Our DGP specification: \[\lambda_i^{(0)}(t) = e^{\alpha_i + \gamma(t)}\] is equivalent to a proportional hazards model with:

Frailty: \(e^{\alpha_i}\) (unit-specific baseline risk)
Baseline hazard: \(e^{\gamma(t)}\) (time-varying common component)

Compensator = Cumulative Hazard

The compensator \(\Lambda_i(t) = \int_0^t \lambda_i(s)ds\) is the cumulative hazard function in survival analysis. The martingale property \(N_i(t) - \Lambda_i(t)\) is fundamental to both counting process theory and modern survival analysis.

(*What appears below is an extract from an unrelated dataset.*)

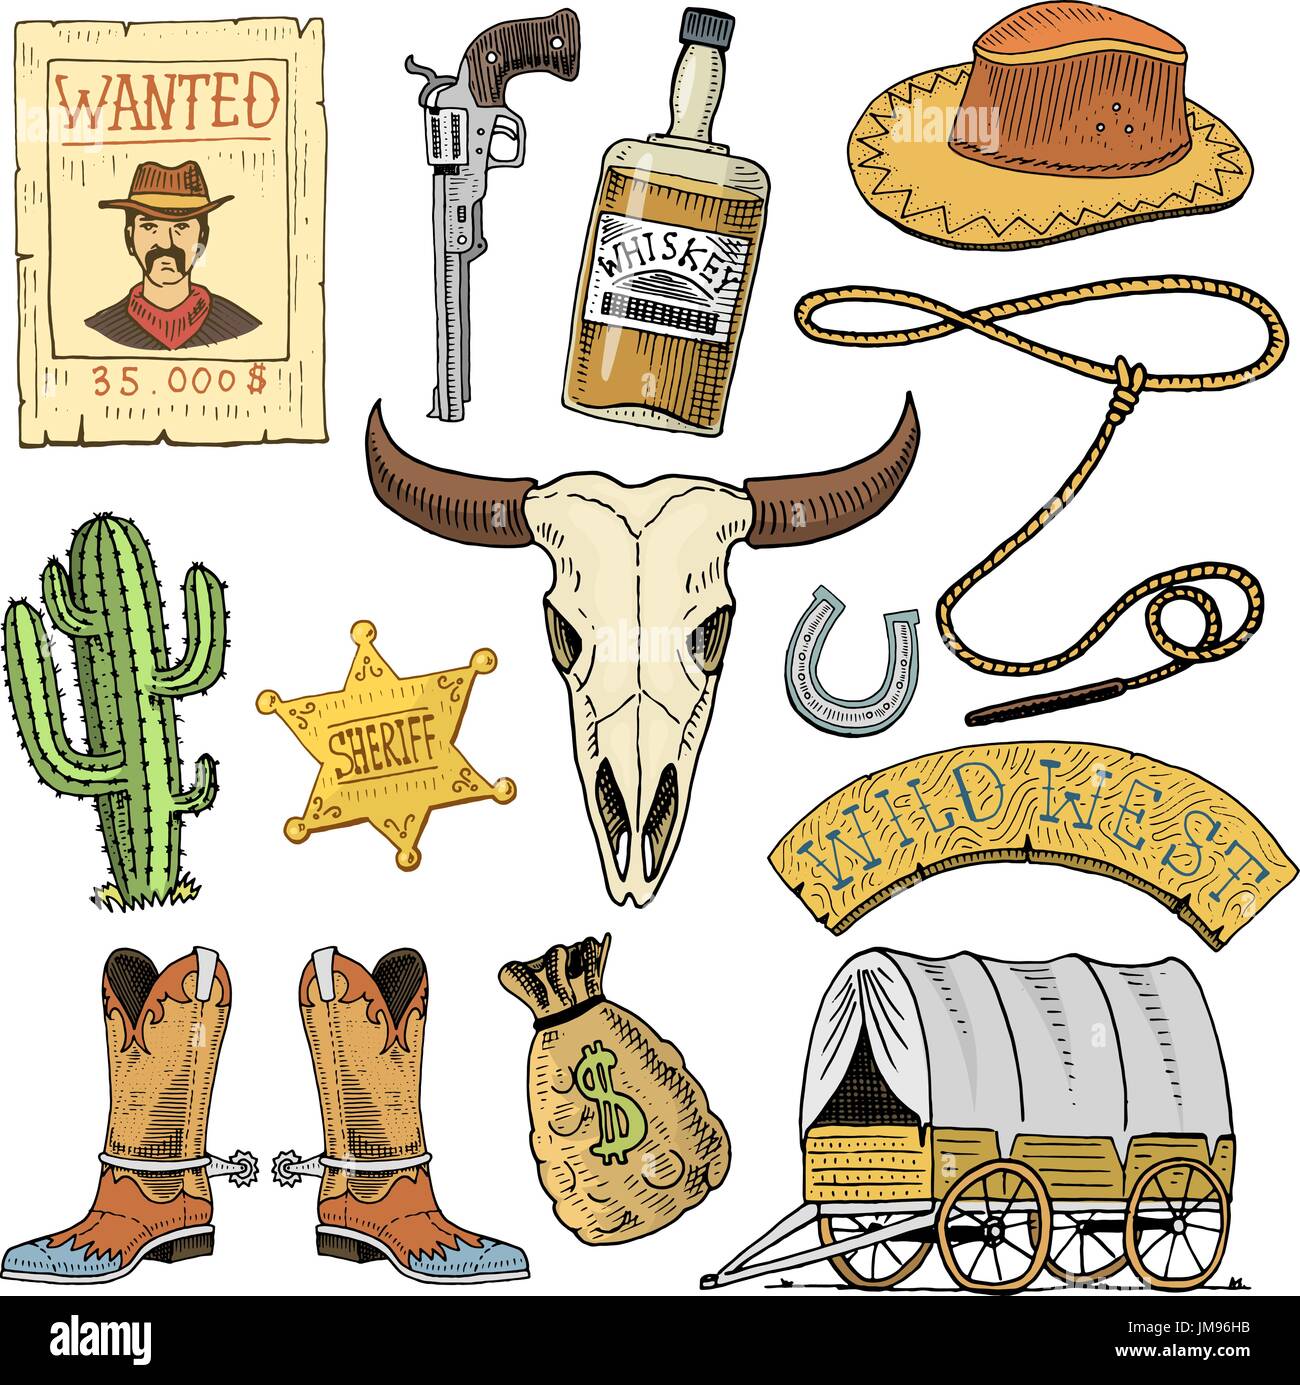 Salvaje Oeste, show de rodeo, vaquero o indios con lazo. sombrero y pistola, cactus con estrella de sheriff y bisontes, arrancar con la herradura y quería póster. grabado dibujado a mano en el viejo sketch o y estilo vintage. Ilustración del Vector

Multiplicative PT = Proportional Hazards

Our multiplicative parallel trends assumption: \[\lambda_i^{(1)}(t) = e^{\tau} \lambda_i^{(0)}(t)\] is exactly the proportional hazards assumption: treatment multiplies the baseline hazard by constant factor \(e^{\tau}\).

4.2 Implications for Discrete-Time Hazard Models

The temporal MAUP findings have direct implications for discrete-time duration analysis, where researchers must choose both bin size and link function.

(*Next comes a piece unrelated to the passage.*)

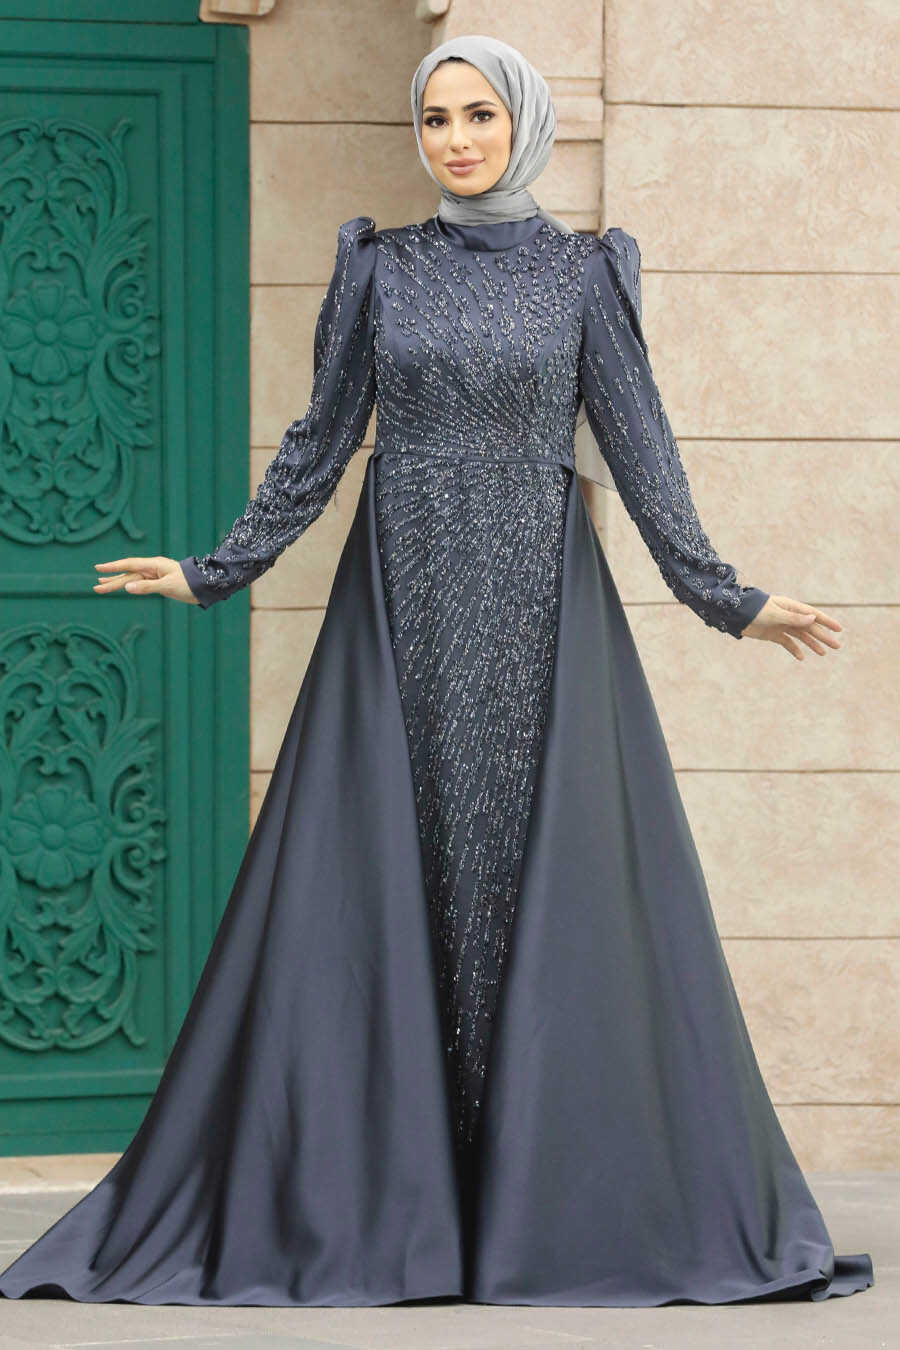 Neva Style - Modern Antrasit Modest Islamic Clothing Wedding Dress 23310ANT

4.2.1 Link Functions and Aggregation Bias

When discretizing a continuous-time counting process, different link functions preserve (or violate) the underlying multiplicative structure:

Link Function	Model	Aggregation Bias
Log (Poisson)	\(\log E[N_{ik}] = \alpha_i + \tau W_{ik} + \gamma_k + \log\\|B_k\\|\)	\(O(K^{-1}) \to 0\)
Complementary log-log	\(\log(-\log(1 - h_{ik})) = \alpha_i + \tau W_{ik} + \gamma_k\)	\(O(K^{-1}) \to 0\)
Logit	\(\log\frac{h_{ik}}{1-h_{ik}} = \alpha_i + \tau W_{ik} + \gamma_k\)	\(O(K^{-1/2})\) persists
Identity (Linear)	\(h_{ik} = \alpha_i + \tau W_{ik} + \gamma_k\)	Large bias persists

where \(h_{ik}\) is the discrete hazard in bin \(k\) for unit \(i\).

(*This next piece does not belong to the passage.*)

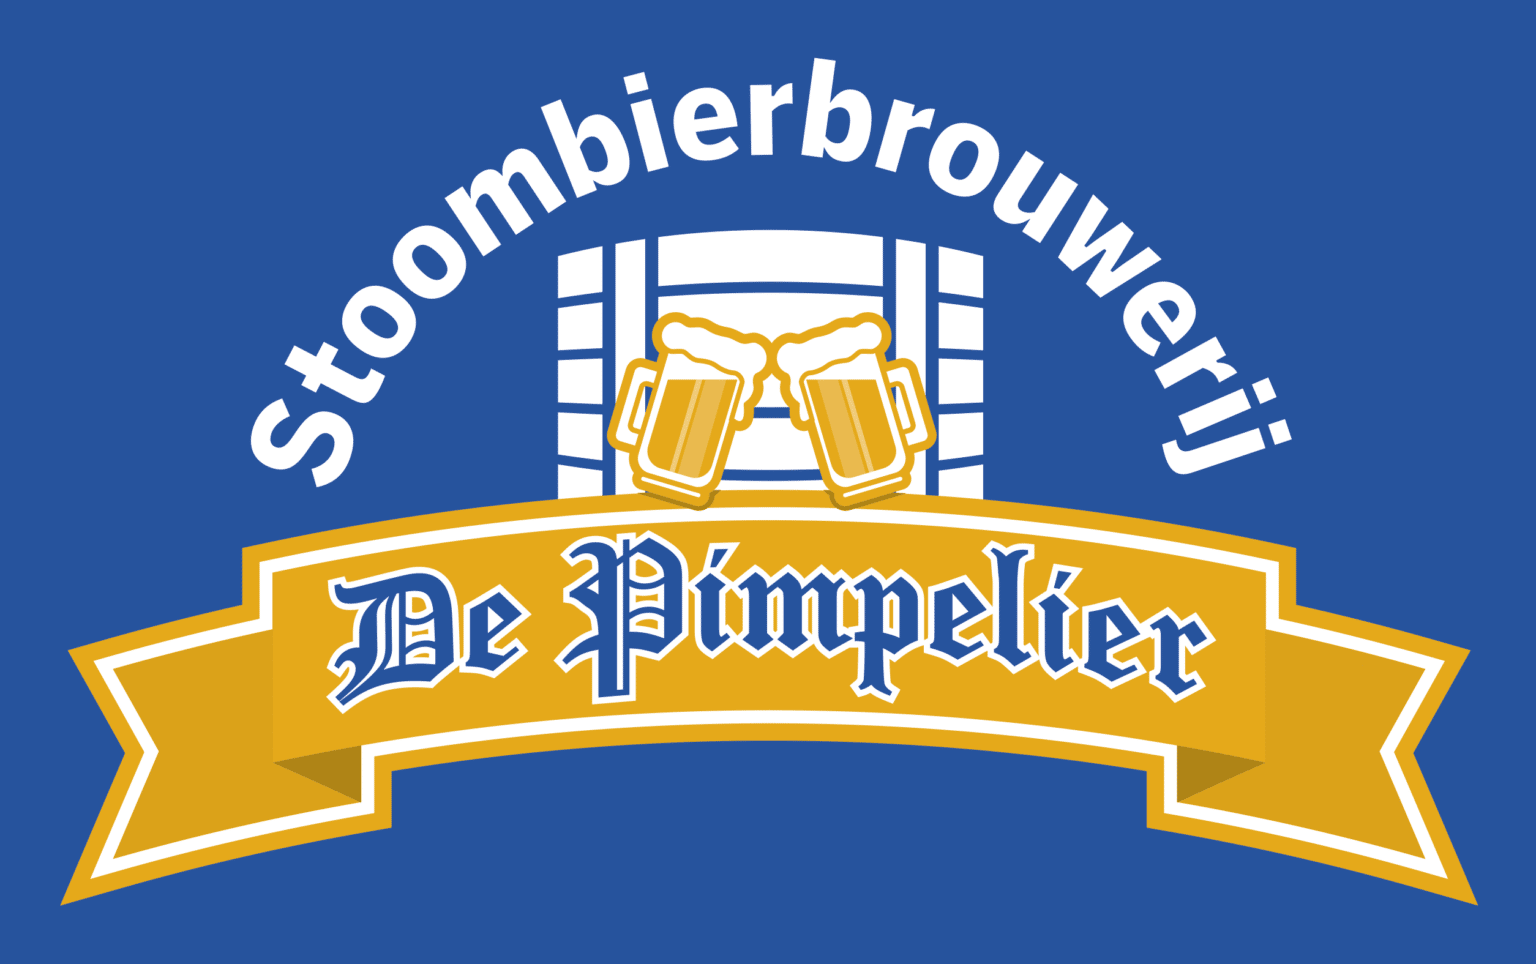 Stoombierbrouwerij-De-Pimpelier-1536x964

Key insight: The cloglog link is the discrete-time analog of the continuous Poisson process. As bins become fine, cloglog converges to the continuous-time model, while logit and linear probability models remain biased.

4.2.2 Why Logit Fails (But Less Severely)

The logit link assumes: \[P(\text{event in bin } k) = \frac{e^{\alpha_i + \tau W_{ik} + \gamma_k}}{1 + e^{\alpha_i + \tau W_{ik} + \gamma_k}}\]

For rare events (small bins), \(\text{logit}(p) \approx \log(p) \approx p\) when \(p \ll 1\). Thus logit approximates the correct model for very fine bins, but the approximation error persists as \(O(K^{-1/2})\).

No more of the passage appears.